◆ **DATASET EXCERPT**:

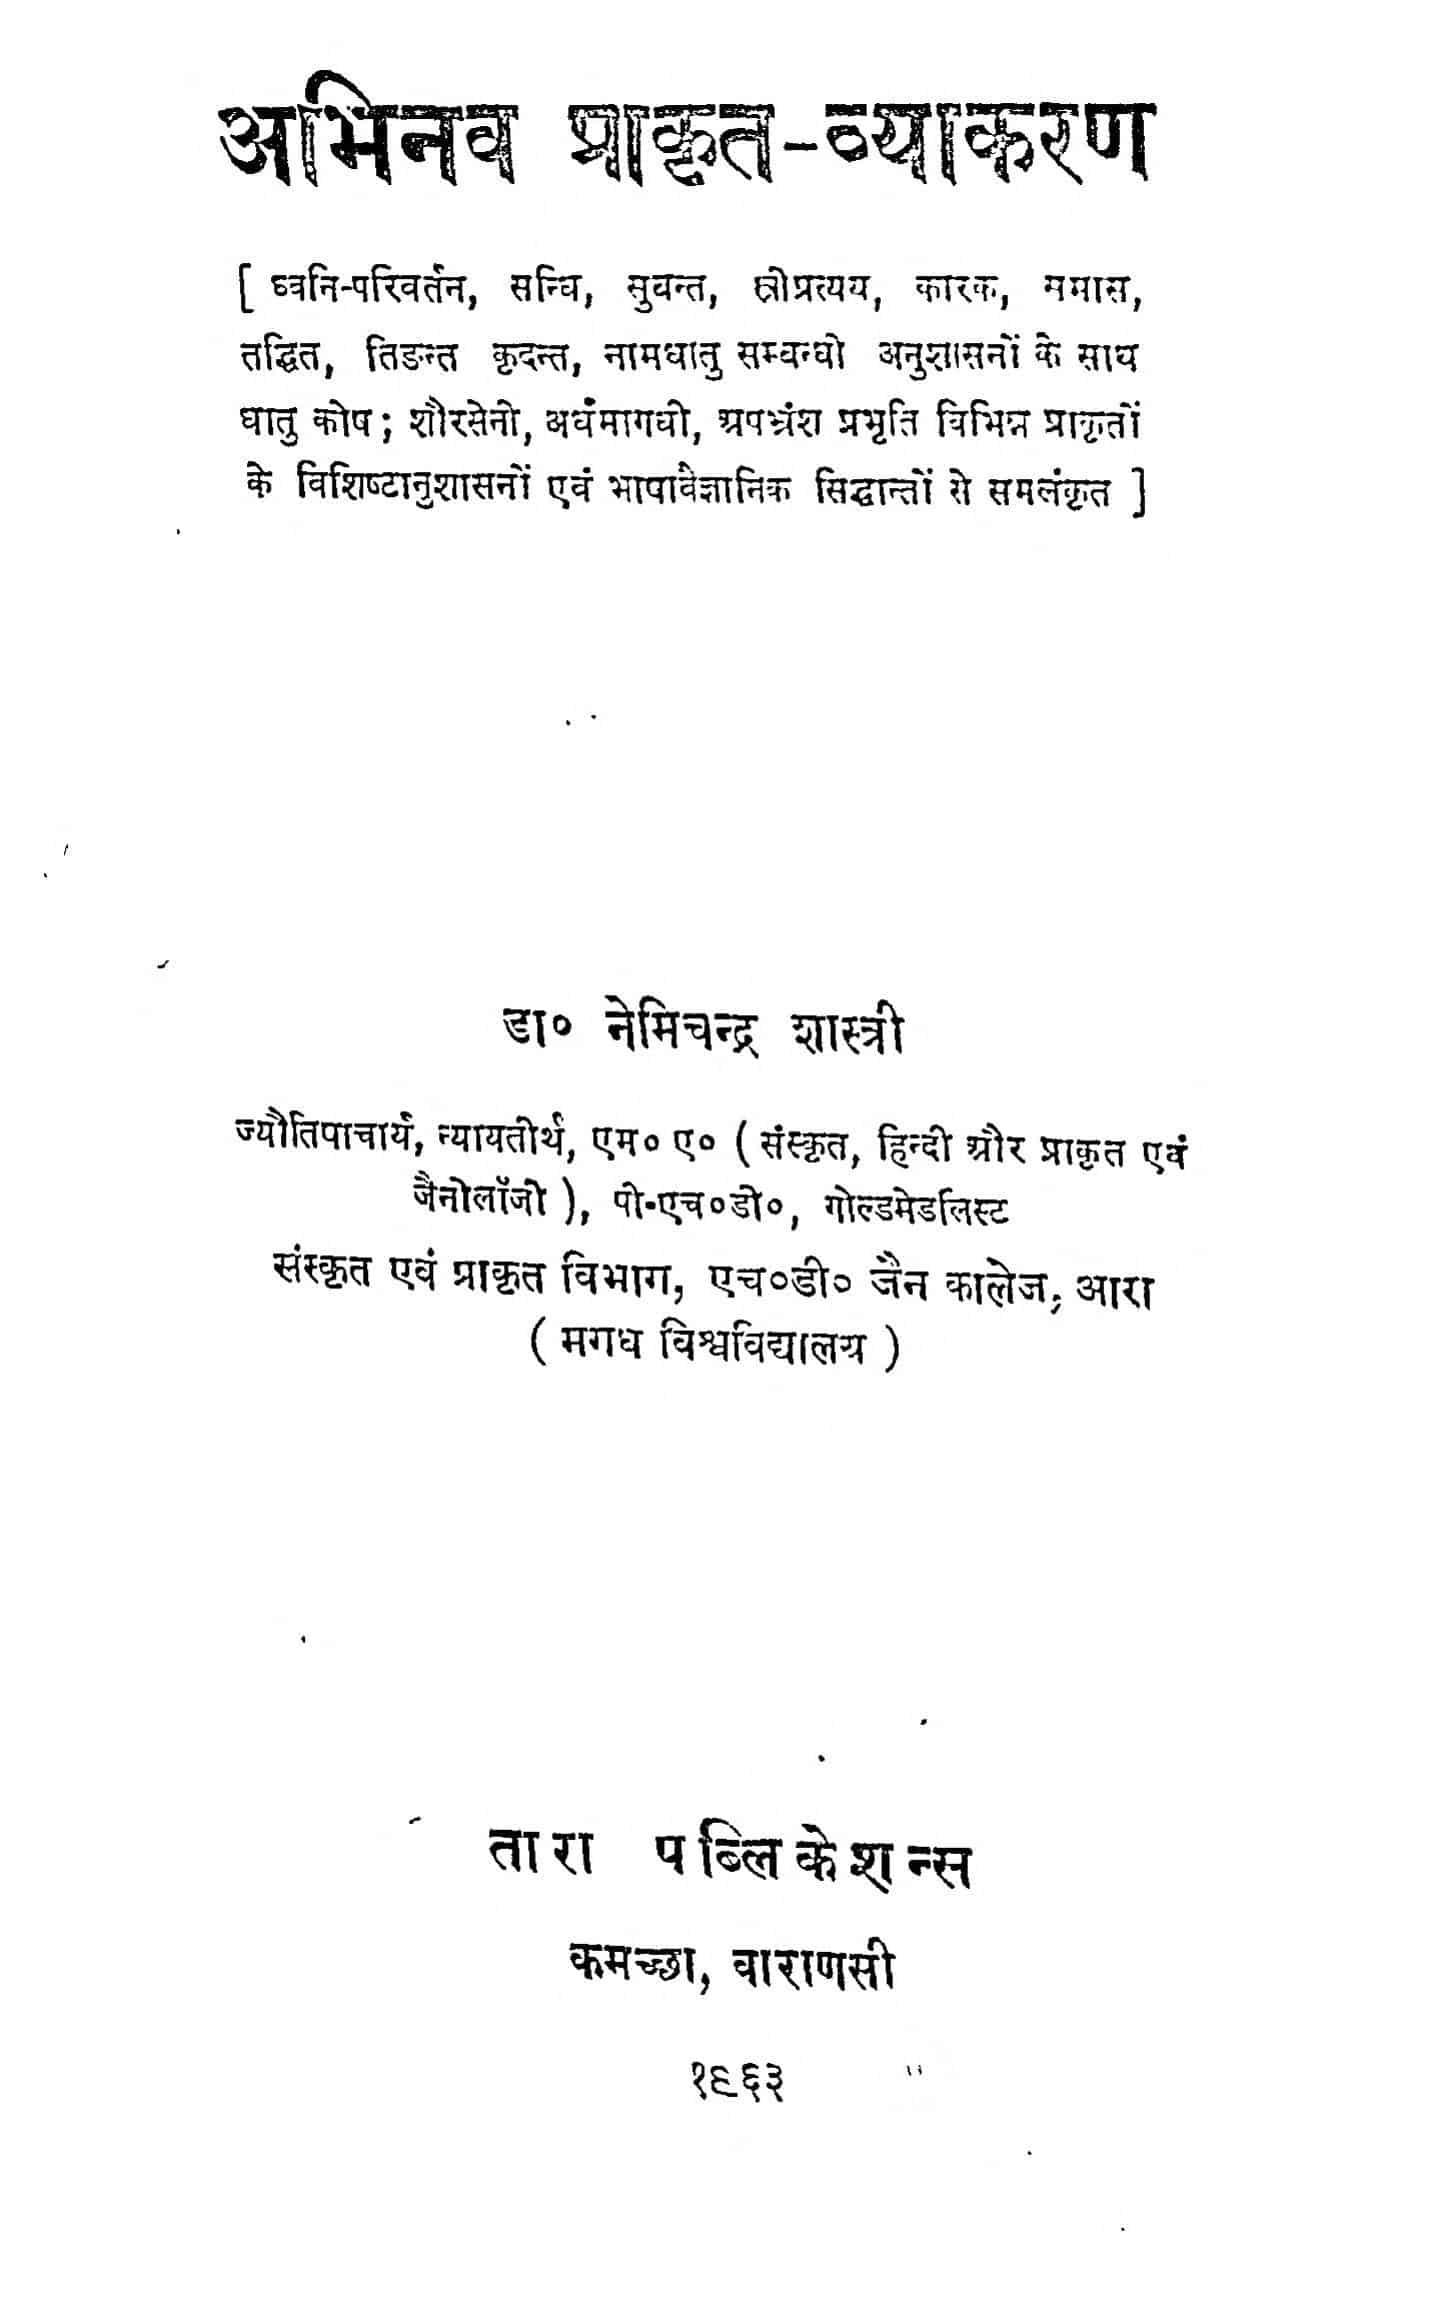 Book Image : अभिनव प्राकृत व्याकरण - Abhinav Prakrat Vyakaran
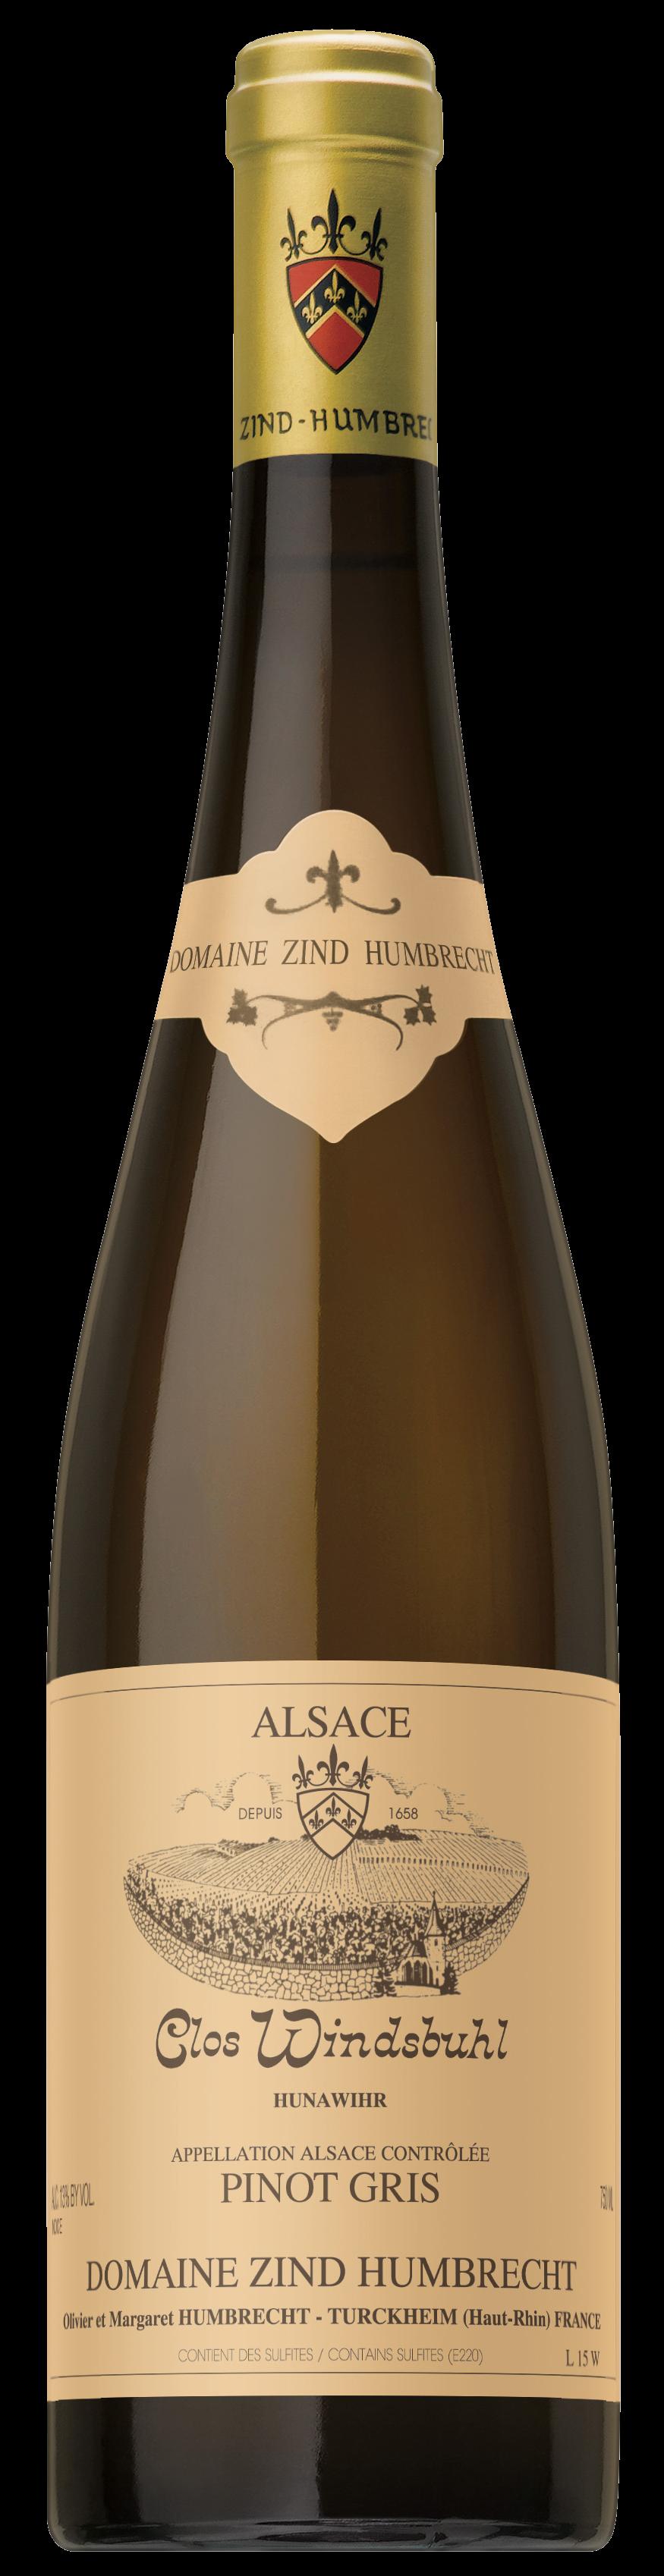 Pinot gris Clos Windsbuhl 2015
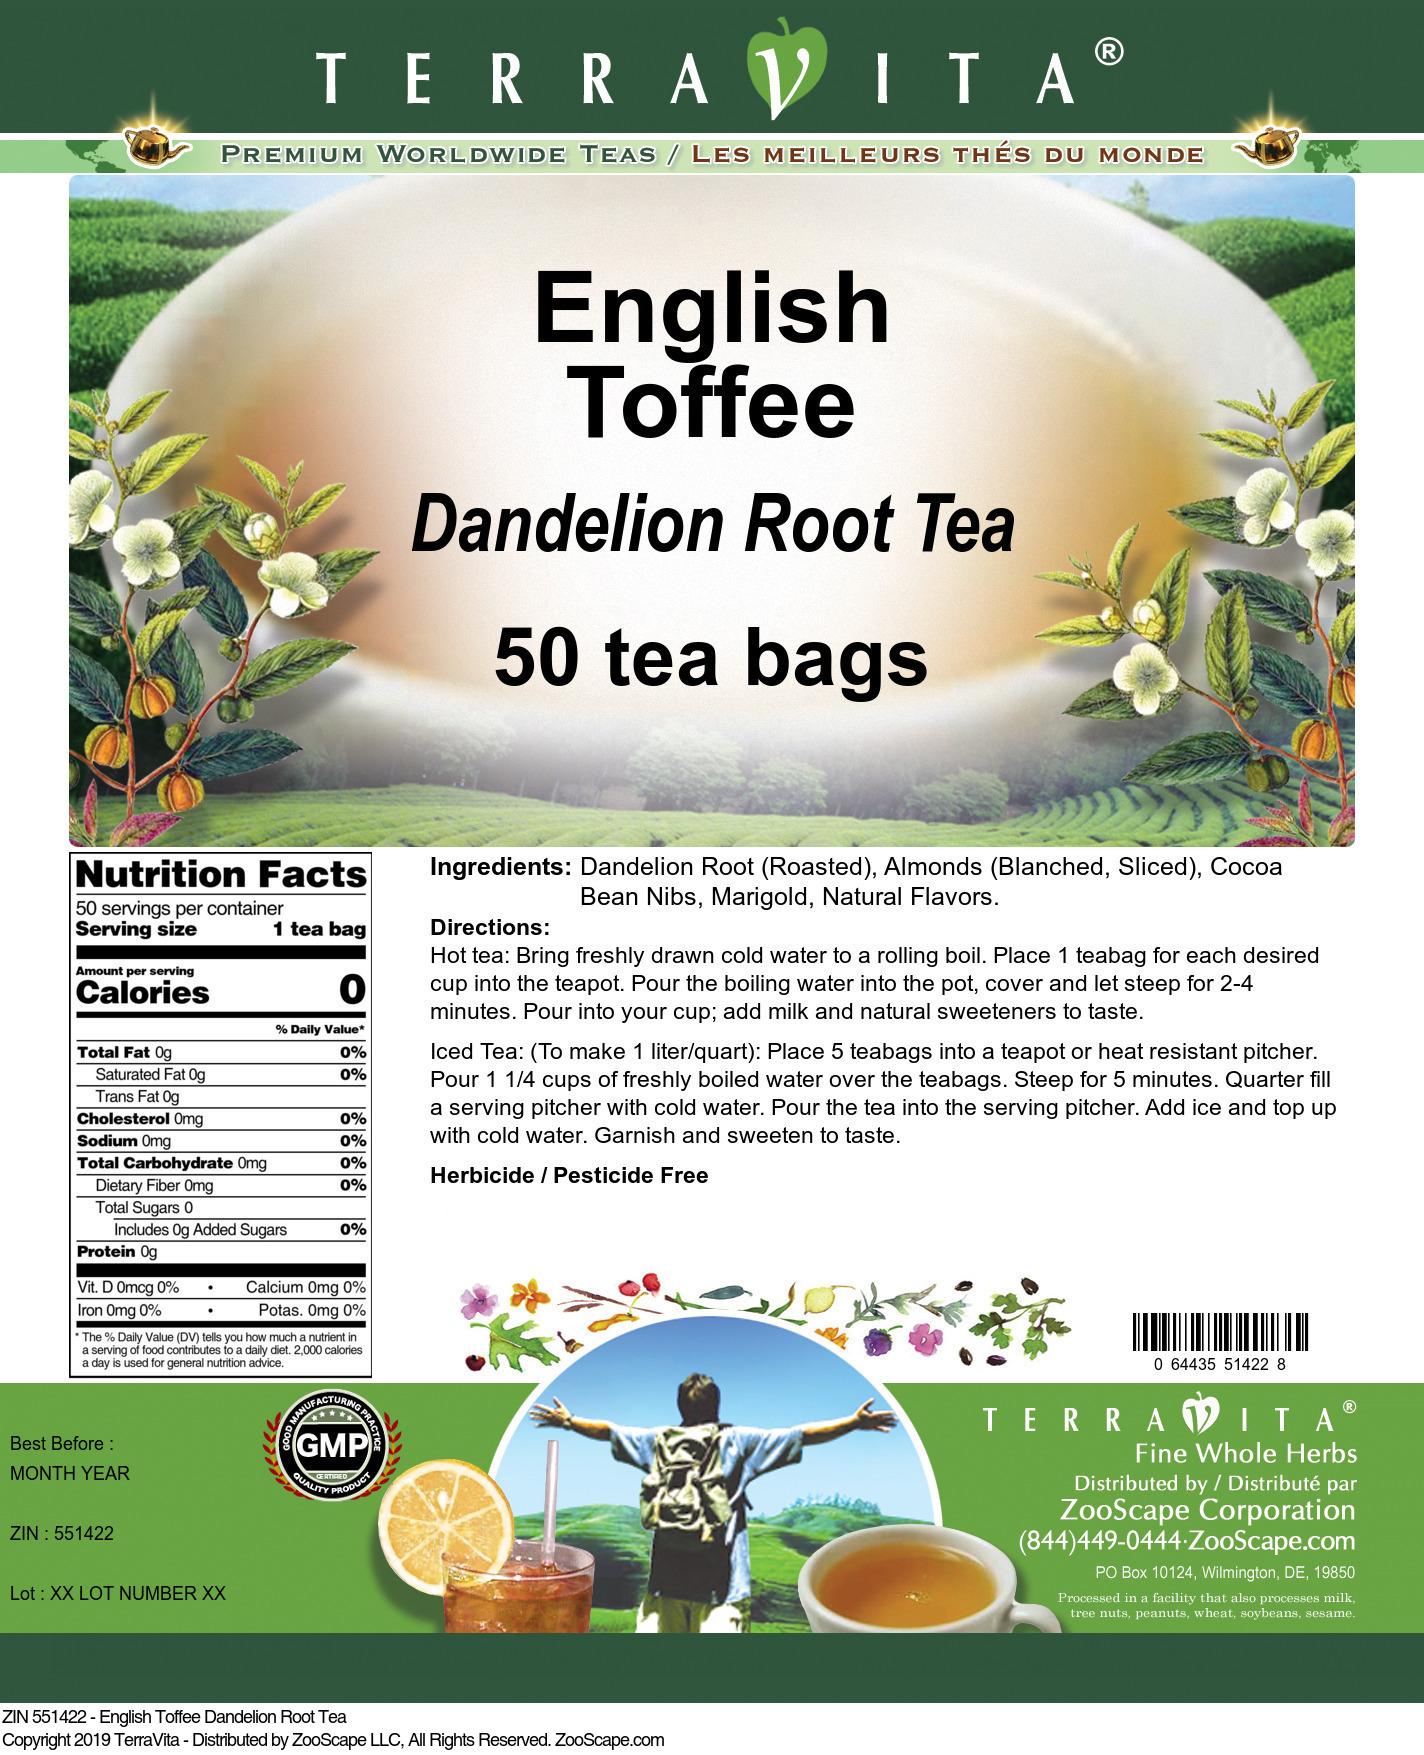 English Toffee Dandelion Root Tea

◆ **WHAT TO WORK ON**:
Copy out all the data above exactly as written. Skip the pictures.

◆ **COMPLETED TASK**:
 Book Image : अभिनव प्राकृत व्याकरण - Abhinav Prakrat Vyakaran
 Pinot gris Clos Windsbuhl 2015
 English Toffee Dandelion Root Tea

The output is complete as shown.